Abstract
Carbonic anhydrases (CAs) represent a group of enzymes that catalyse important reactions of carbon dioxide hydration and dehydration, a reaction crucial to many biological processes and environmental biotechnology. In this study we successfully constructed a thermostable fusion enzyme composed of the Sulfurihydrogenibium azorense carbonic anhydrase (Saz_CA), the fastest CA discovered to date, and the chitin binding domain (ChBD) of chitinase from Bacillus circulans. Introduction of ChBD to the Saz_CA had no major impact on the effect of ions or inhibitors on the enzymatic activity. The fusion protein exhibited no negative effects up to 60 °C, whilst the fusion partner appears to protect the enzyme from negative effects of magnesium. The prepared biocatalyst appears to be thermally activated at 60 °C and could be partially purified with heat treatment.
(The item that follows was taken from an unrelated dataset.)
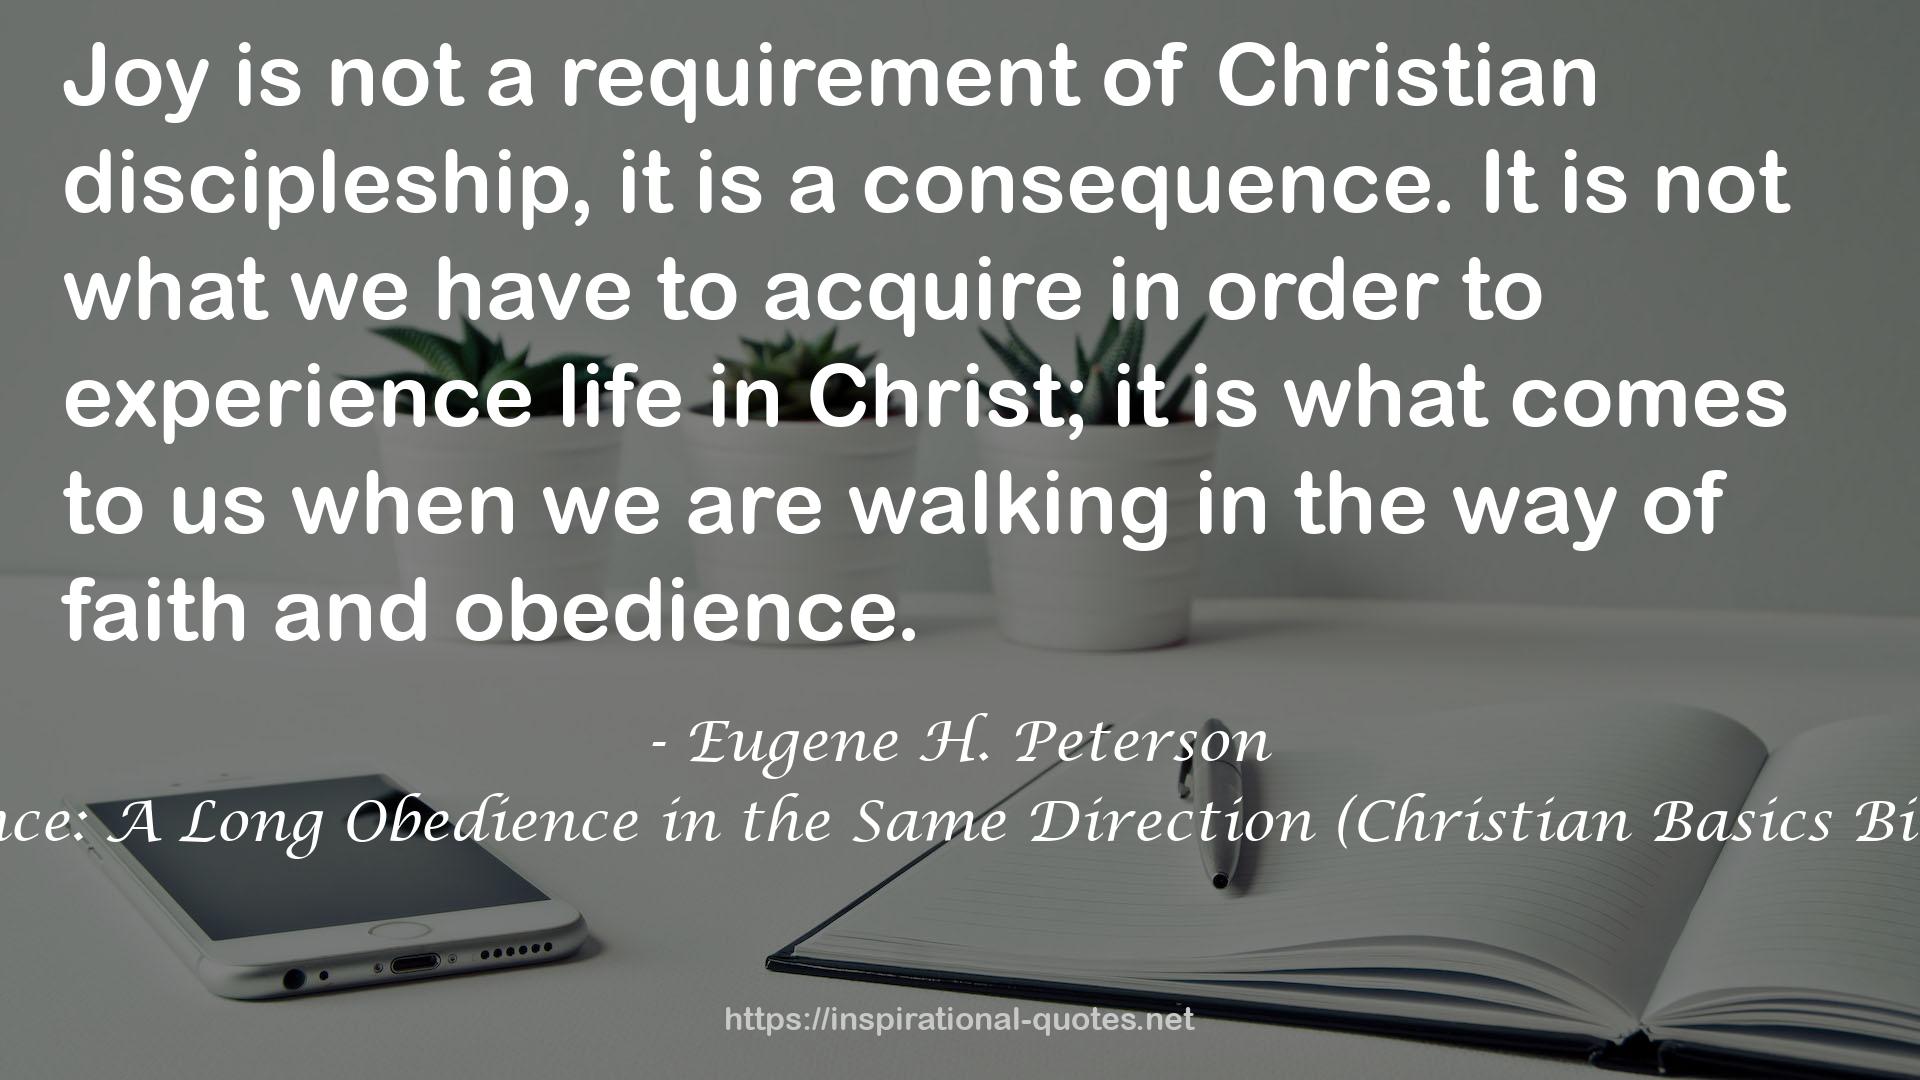 Perseverance: A Long Obedience in the Same Direction (Christian Basics Bible Studies) QUOTES
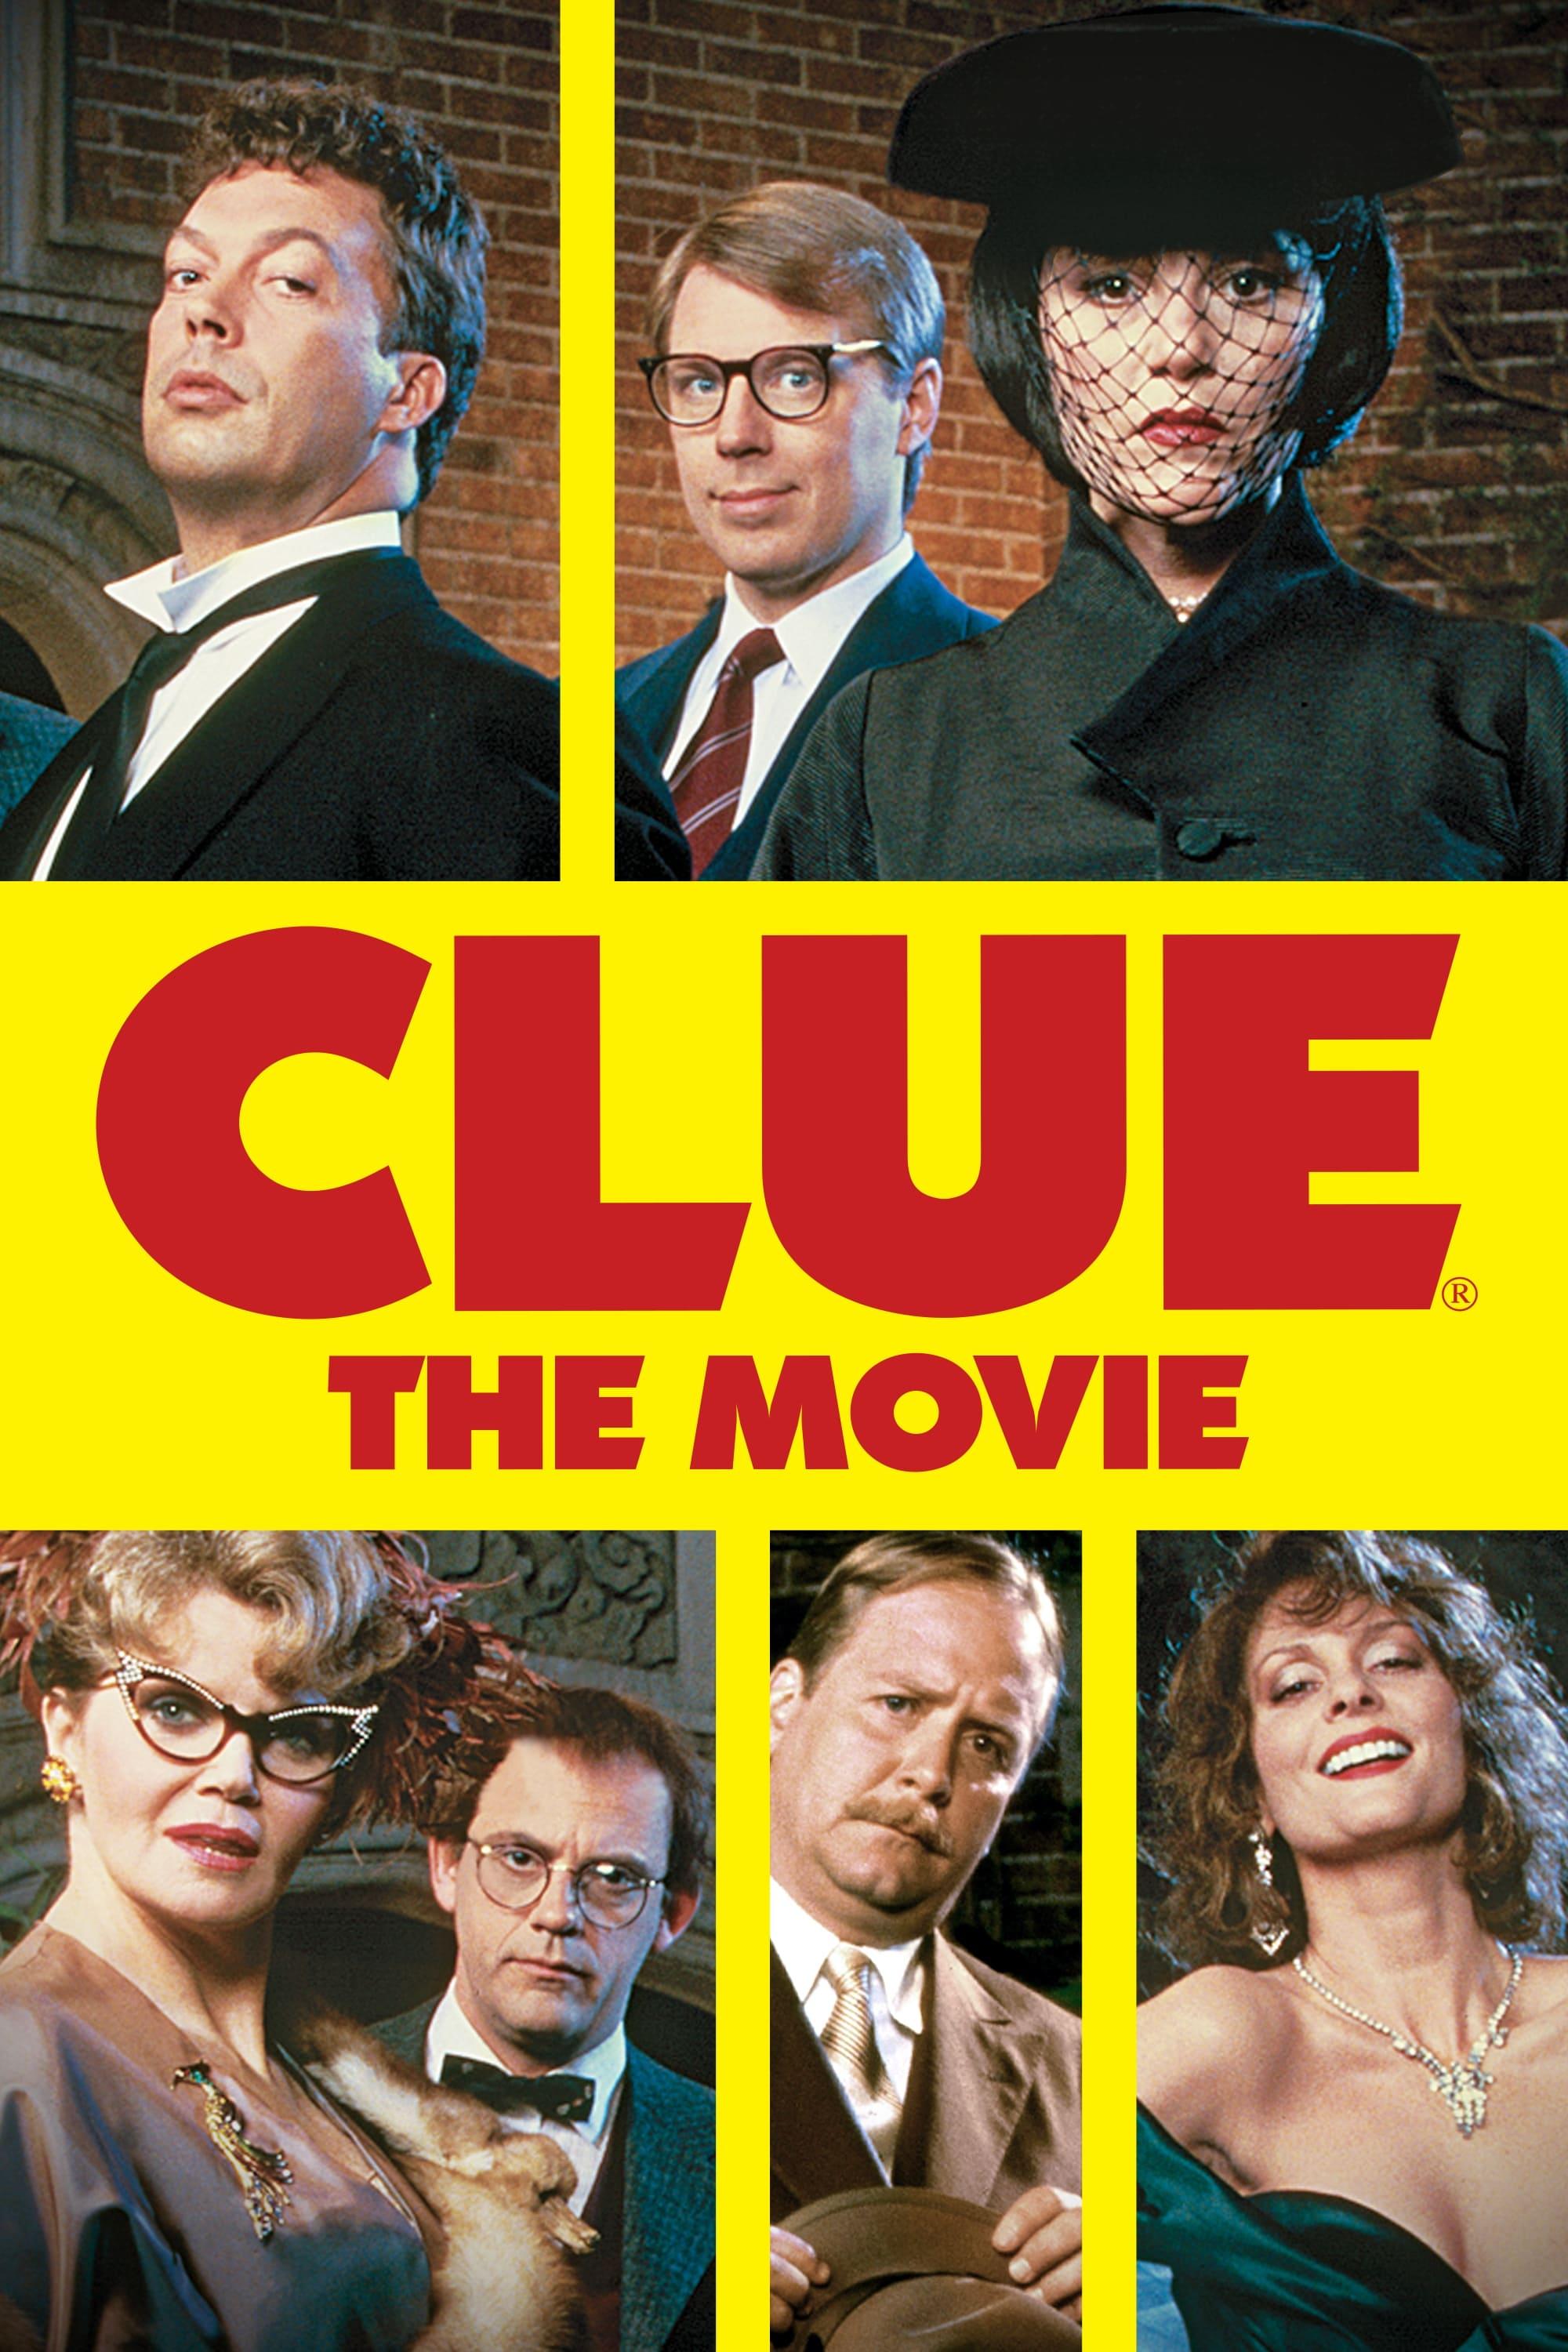 Clue poster

Immobilisation attempts on different kinds of chitin-based support results have shown that the fusion enzyme preferentially binds to a cheap, untreated chitin with a large crystallinity index over more processed forms of chitin. It suggests significant potential economic benefits for large-scale deployment of immobilised CA technologies such as CO2 utilisation or mineralisation.
Highlights
The ever-increasing atmospheric concentration of CO2 and resulting climate change require development of new technologies for carbon capture, sequestration and utilisation
We describe the expression of codon-optimised carbonic anhydrase of Sulfurihydrogenibium azorense fused with a chitin binding domain (ChBD) of Bacillus circulans chitinase A1 in Escherichia coli, a simplified protein purification scheme based on thermal precipitation, assessment of ChBD binding properties to different chitin-based supports and the fusion domain effect on the enzyme properties
We constructed a thermostable fusion enzyme composed of the S. azorense Carbonic anhydrases (CAs) and B. circulans chitinase ChBD
Summary
The ever-increasing atmospheric concentration of CO2 and resulting climate change require development of new technologies for carbon capture, sequestration and utilisation. Carbonic anhydrases are zinc metalloenzymes that catalyse carbon dioxide hydration and dehydration These biocatalysts are known to be one of the fastest biocatalysts in nature, with turnover numbers in millions of reactions per second [9,10,11,12] and as such could potentially make a massive contribution to the reduction of CO2 emissions if employed properly. Research on these remarkable proteins goes beyond environmental applications. In recent years research has been conducted for activators of these enzymes that could have a significant impact on both their environmental and medical applications [13,15] and could shed more light on important mechanisms, such as invasion, colonisation and pathogenicity of certain bacteria, all of which involve carbonic anhydrase action [15]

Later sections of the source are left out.